Studio album by Deacon Blue
- Released: 24 September 2012
- Recorded: July 2011 – May 2012
- Genre: Alternative rock, pop
- Length: 32:40
- Label: Demon, Edsel
- Producer: Paul Savage

Deacon Blue chronology
| Singles (2006) | The Hipsters (2012) | A New House (2014) |

= The Hipsters =

The Hipsters is the sixth studio album released by Scottish pop group Deacon Blue. The album was released by Demon Music on 24 September 2012, making it their first studio album in eleven years. The album's lead single, "The Hipsters" was released on 23 September 2012.

Professional ratings
Review scores
| Source | Rating |
| Mojo | link |
| Q | link |

==Background and release==

Deacon Blue last released a studio album in 2001, which was Homesick. In 2006, they released a compilation album, Singles.

Prior to the release of The Hipsters album, the group released a single of the same name, "The Hipsters". The single was released in the United Kingdom on 23 September 2012.

==Reviews==

The album received generally positive reviews. The BBC commented on The Hipsters: "The lead single and title track provides the promise of optimistic, sunlit, indie-flecked arrangements, which does follow through for the most part. The rhythmic thump of 'Rest' and 'That’s What We Can Do' prove to be perfect examples". "The Hipsters proves that Deacon Blue are showing their age, in the most positive way – their tightly-defined chemistry, accomplished storytelling and knack for melodies have been finely honed over the past 25 years. And while the title lends itself to all manner of trend-conscious pretension, there are no such gimmicks present".

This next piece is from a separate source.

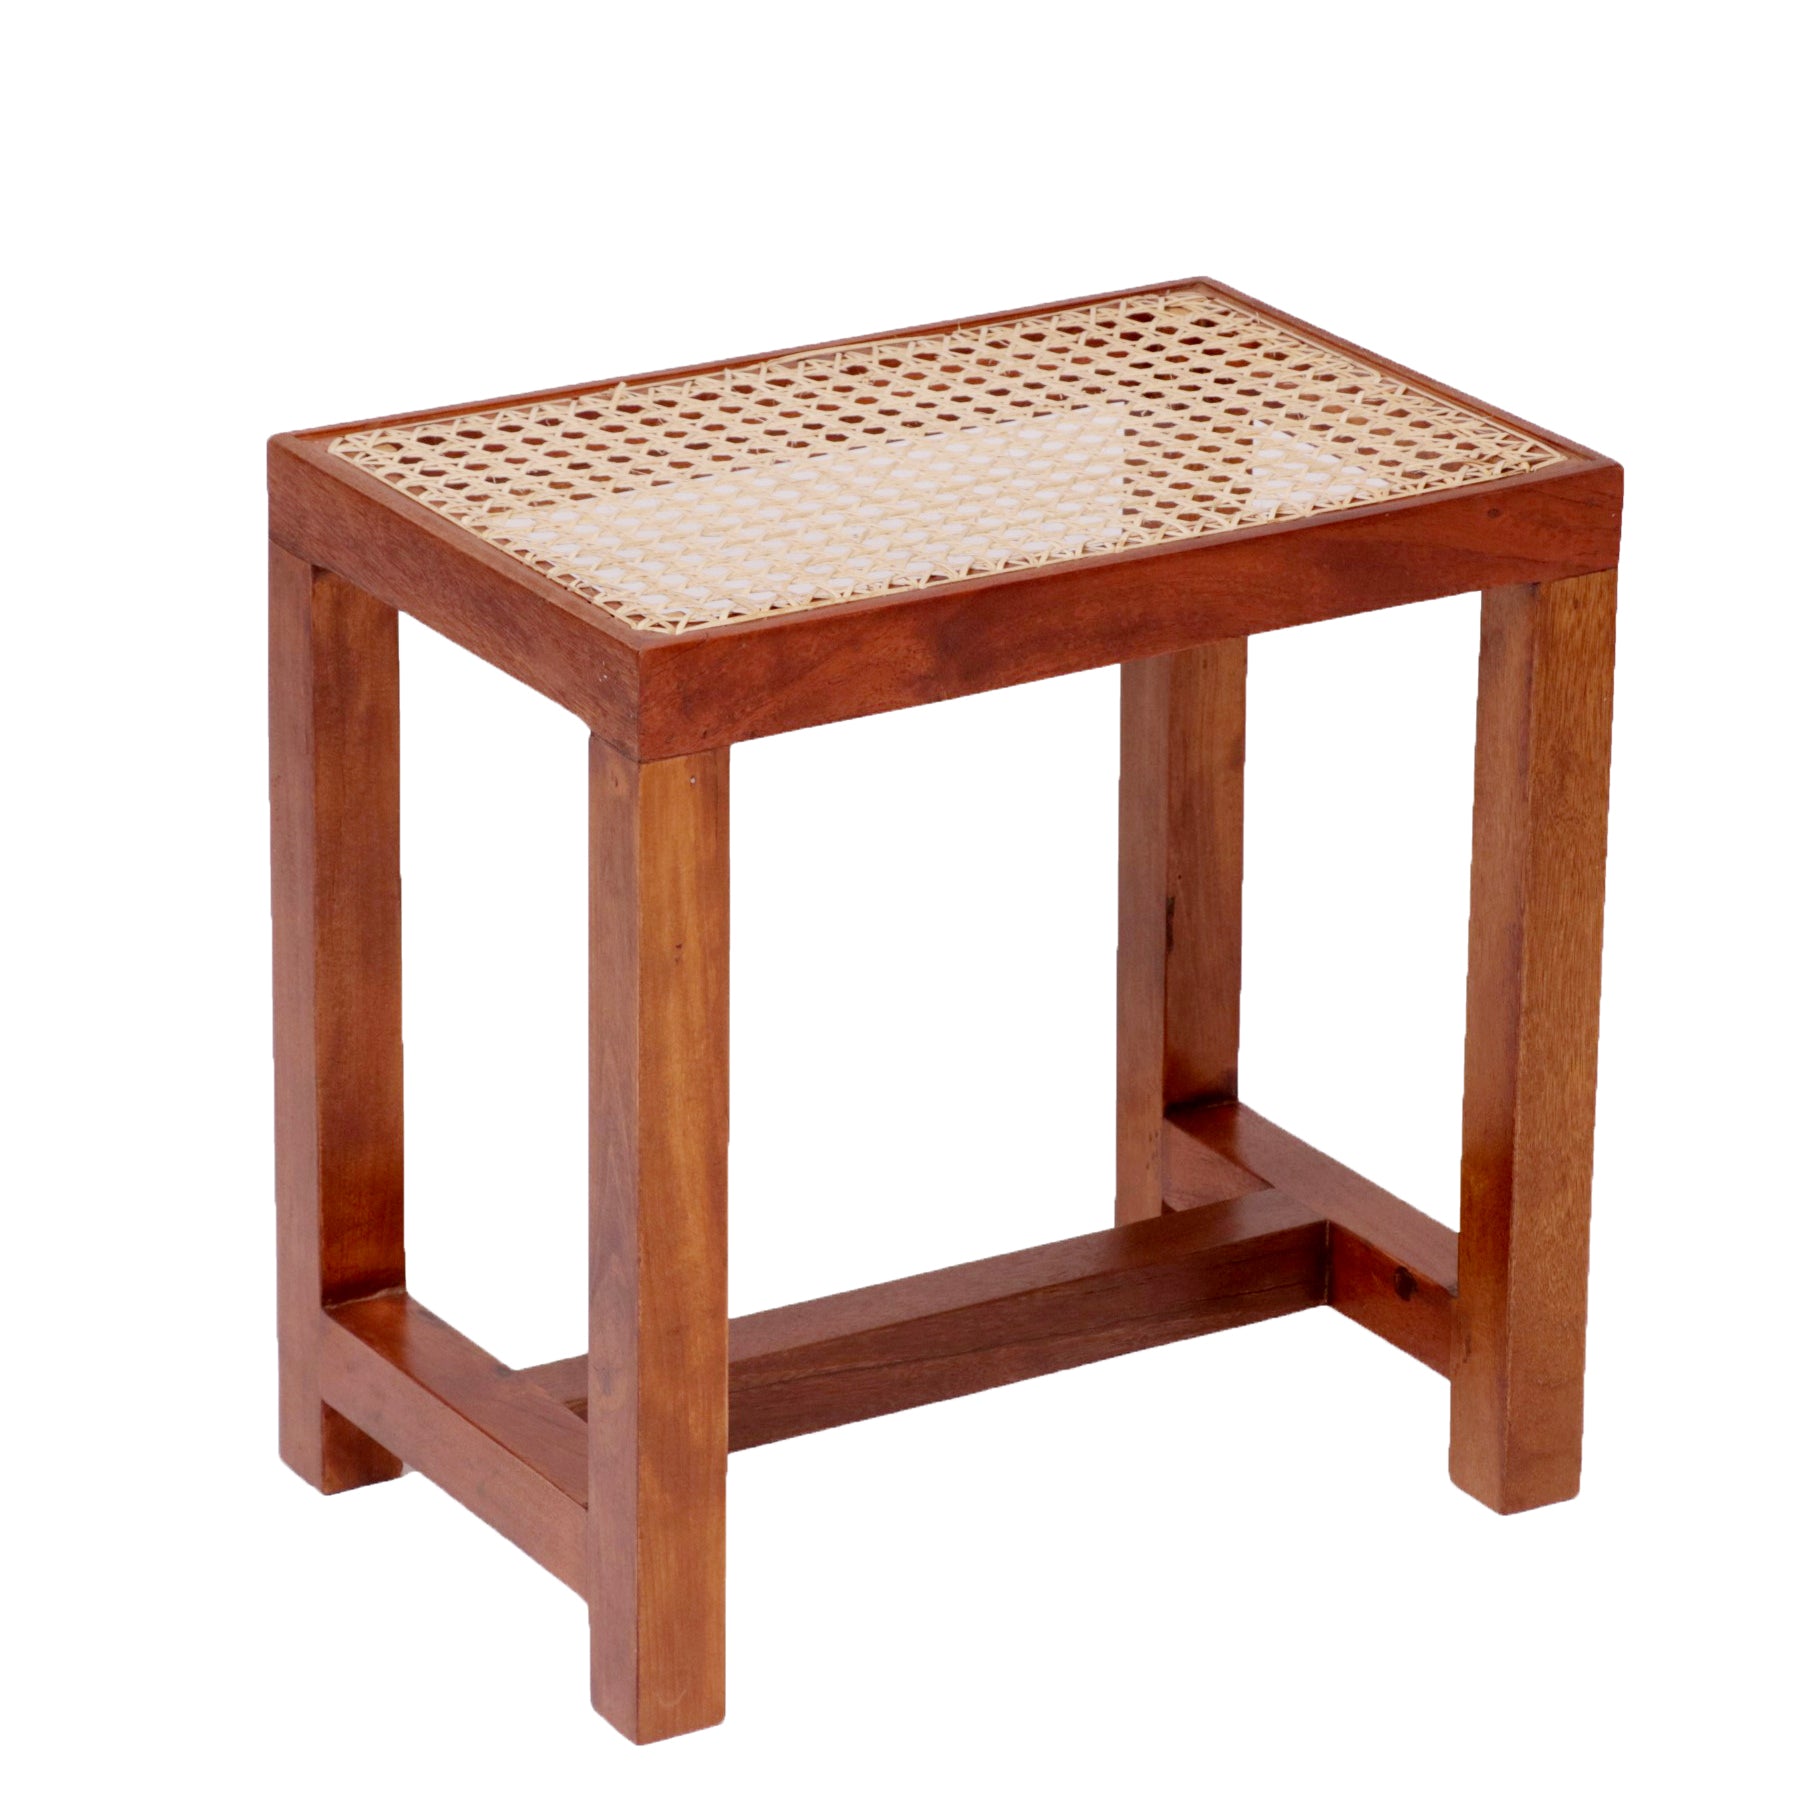 Seating Height Cane Stool Stool

The BBC said that Deacon Blue "isn’t a band attempting to recapture their halcyon days – Deacon Blue are doing what they’ve always been able to do with aplomb, atop some well-considered, refined and timely production. There’s no huge statement to be made, no desperate clawing for another shot – merely a legitimate love for what they do. And on The Hipsters, that’s made very evident indeed".

==Track listing==

The Hipsters track listing
| No. | Title | Writer(s) | Length |
|---|---|---|---|
| 1. | "Here I Am in London Town" | Ricky Ross | 2:59 |
| 2. | "The Hipsters" | Ross | 3:19 |
| 3. | "Stars" | Ross, Gregor Philp | 3:42 |
| 4. | "Turn" | Ross, Eg White | 3:19 |
| 5. | "The Rest" | Ross, Lorraine McIntosh | 3:37 |
| 6. | "The Outsiders" | Ross, Gregor Philp | 4:05 |
| 7. | "That's What We Can Do" | Ross | 3:53 |
| 8. | "She'll Understand" | Ross | 3:38 |
| 9. | "Laura from Memory" | Ross | 3:25 |
| 10. | "It Will End in Tears" | Ross | 3:39 |
| 11. | "Is There No Way Back to You" | Ross, Lorraine McIntosh | 4:22 |

==Chart performance==

For the week starting 26 September 2012; The Hipsters charted at No. 19 on the UK Albums Chart mid-week chart listings.